21. The method of claim 19, further including operating a compliance service of a cloud resource and a dark site resource to perform the comparison of the target compliance rule with the current resource configuration.

22. The method of claim 21, further including operating the compliance service to configure the cloud resource based on the configuration update information.

23. The method of claim 21, further including operating the compliance service to send the configuration update information to a compliance agent of a non-cloud resource, the compliance agent to modify a current non-cloud resource configuration to satisfy the target compliance rule.

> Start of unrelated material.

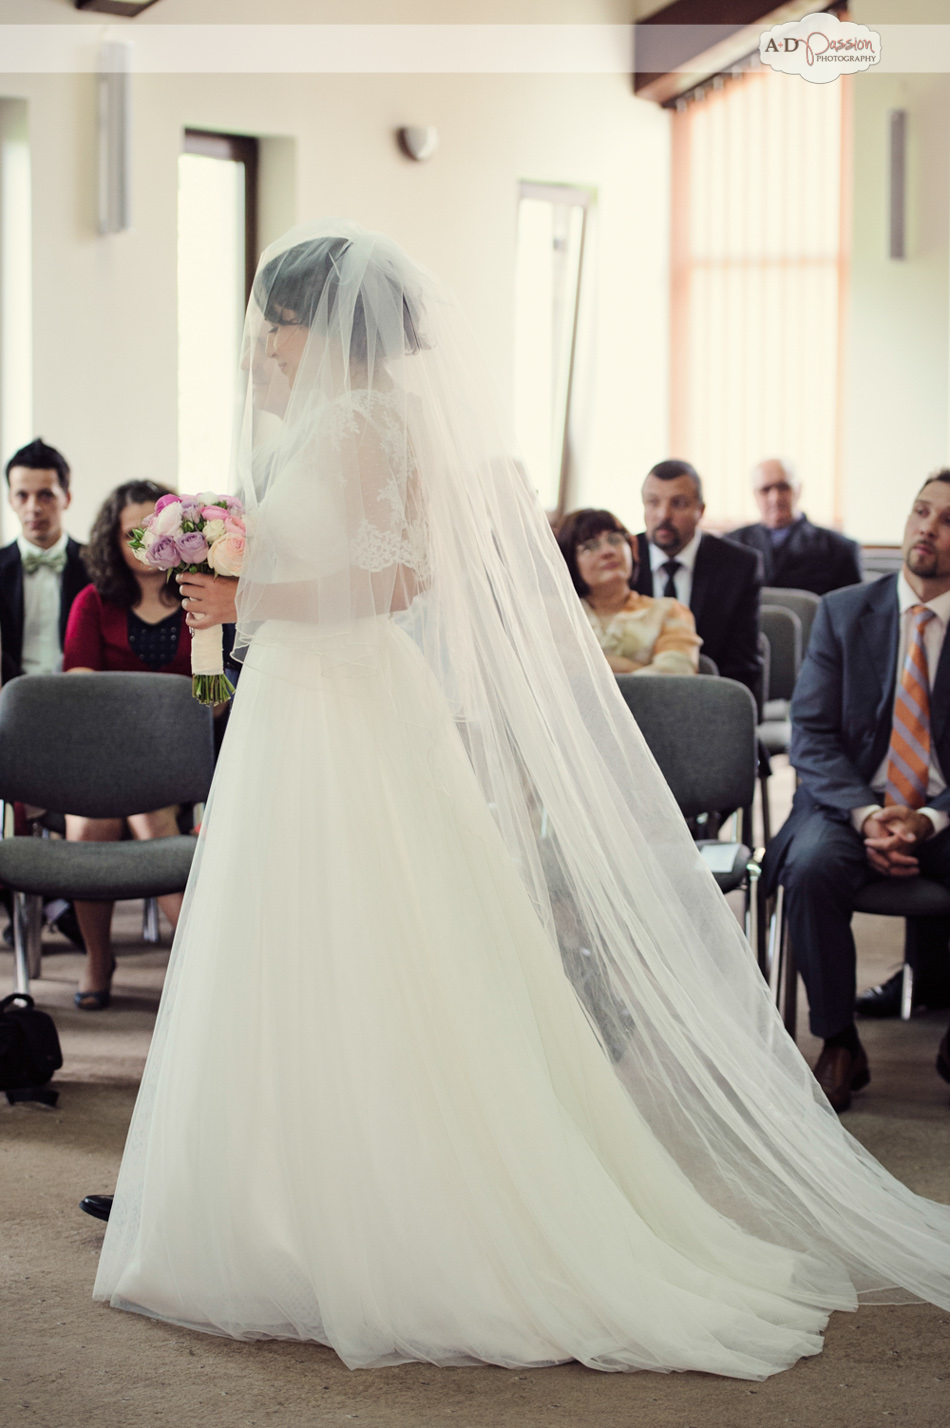 AD Passion Photography | fotograf-nunta_flavian-si-alina_nunta-targu-mures_0110 | Adelin, Dida, fotograf profesionist, fotograf de nunta, fotografie de nunta, fotograf Timisoara, fotograf Craiova, fotograf Bucuresti, fotograf Arad, nunta Timisoara, nunta Arad, nunta Bucuresti, nunta Craiova

24. The method of claim 23, further including operating the compliance agent to:

compare the current non-cloud resource configuration to the target compliance rule, the target compliance rule obtained from the compliance service; and

modify the current non-cloud resource configuration based on the comparison to cause the non-cloud resource to satisfy the target compliance rule.

25. The method of claim 24, wherein the non-cloud resource is an on-premises resource or a resource on a dark site.

26. The method of claim 21, wherein the compliance service is to register the resource with the compliance service.

27. The method of claim 19, further including receiving a compliance report from a compliance agent through a message broker agent.

28. The method of claim 27, wherein the compliance report includes at least one of a resource name, a resource status, a resource configuration state, a deviation between a current parameter and a target parameter in the target compliance rule, or a resource identifier.